Her hand is raised, ready to fall, ready to end this torment, which she will admit, if only to herself, is as bad for her as it has ever been for him. She loves him and it is impossible. She hates him and that is impossible, too. She cannot be with him. She cannot be without him. And both are burningly, simultaneously true in a way that grinds the cliché into dust.

But what she cannot do, what she cannot do that has no opposite which is also true, what she cannot ever, ever do–

Is forgive him.

For loving her. For burning her. For desiring her. For making her do all these things in return by his very existence.

She cannot ever forgive him.

She will not end his torment. She will not end hers.

She lowers her hand and lets him live.

‘You should go.’

‘. . .’

‘. . .’

‘You mean it?’

‘I mean it.’

‘It’s three– No, it’s nearly four o’clock in the morning– ’

‘I want you to go.’

‘. . .’

‘. . .’

‘You’re breathing very heavy, George. Are you feeling all right?’

‘Please, I’m asking you to–’

‘What would be the point? What could possibly be the point in me leaving right now instead of in two hours?’

‘Rachel–’

‘You said she wasn’t coming over tonight, that she was working at her flat. Which, amazingly, you still claim to have never properly seen.’

‘I haven’t.’

‘What a weird combination of strength and complete weakness you are, George.’

‘You’re talking differently. Have you noticed?’

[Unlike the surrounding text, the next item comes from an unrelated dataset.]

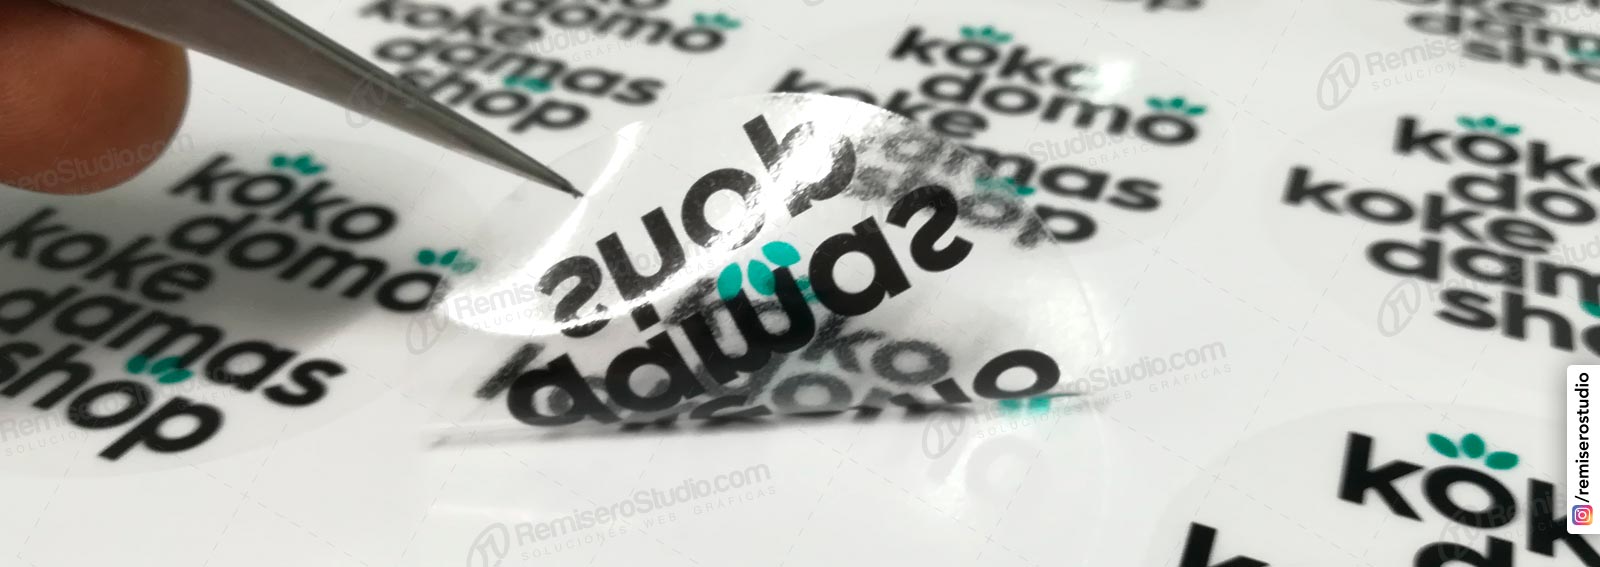 Él espalda civilización Etiquetas Adhesivas: Impresión de stickers adhesivos en Lima Perú |  Imprenta Online | RemiseroStudio.com

‘People change. People become.’

‘People . . . what?’

‘Do you know why I’m here? Do you know why you let me come here tonight?’

‘So I could possess you.’

‘So that you could– Well, yes, okay, you beat me to it. That was weird. But, so, no, actually, it was so that I could let you possess me. Big difference. And in doing so, don’t you see, I also possessed you. And that’s what you’re afraid of, isn’t it? That you don’t possess her.’